Indicate by check mark whether the registrant is a large accelerated filer, an accelerated filer, a non-accelerated filer, a smaller reporting company or an emerging growth company. See the definitions of "large accelerated filer," "accelerated filer," "smaller reporting company," and "emerging growth company" in Rule 12b-2 of the Exchange Act.
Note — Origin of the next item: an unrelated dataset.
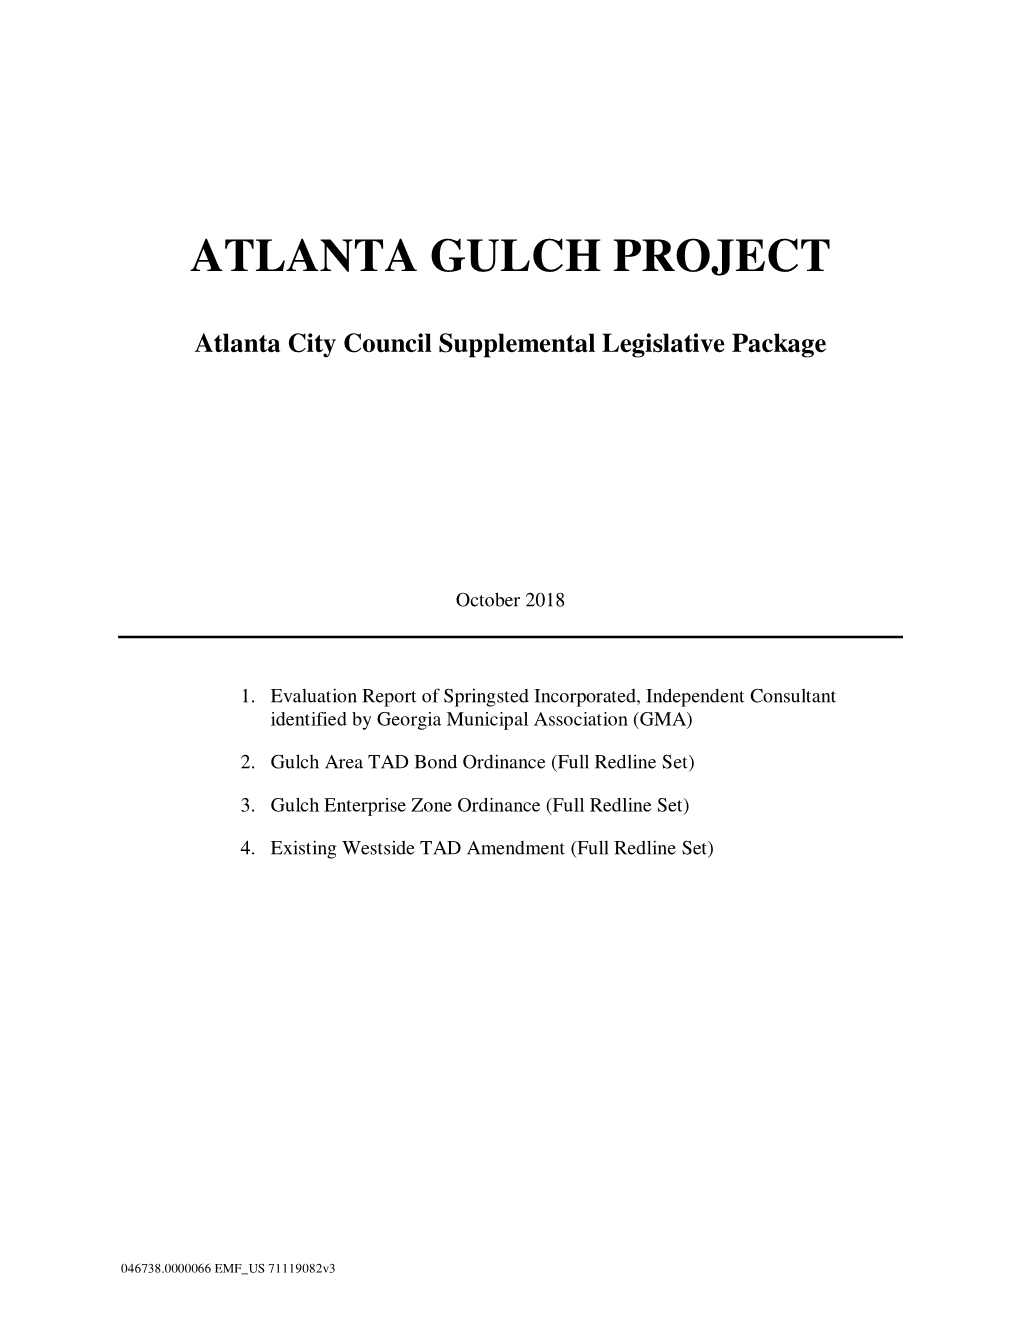 Atlanta Gulch Project

Large accelerated filer ¨ Accelerated filer ¨
Non-accelerated filer x Smaller reporting company x
Emerging growth company x

If an emerging growth company, indicate by check mark if the registrant has elected not to use the extended transition period for complying with any new or revised financial accounting standards provided pursuant to Section 7(a)(2)(B) of the Securities Act. x

EXPLANATORY NOTE

This Registration Statement is being filed by the Registrant to register an additional 1,600,000 shares of Common Stock, securities of the same class for which a Registration Statement on Form S-8 relating to the 2019 Omnibus Incentive Stock Plan, as amended (the "2019 Stock Plan") is effective. Accordingly, the contents of the previous Registration Statements on Forms S-8 filed by the Registrant with the Securities and Exchange Commission (the "Commission") on August 21, 2020 (File No. 333-248234), June 15, 2022 (File No. 333-265625) and September 14, 2023 (File No. 333-274517) (the "Previous Registration Statements"), including periodic reports filed after the Previous Registration Statements on Forms S-8 to maintain current information about the Registrant, are incorporated by reference into this Registration Statement pursuant to General Instruction E of Form S-8.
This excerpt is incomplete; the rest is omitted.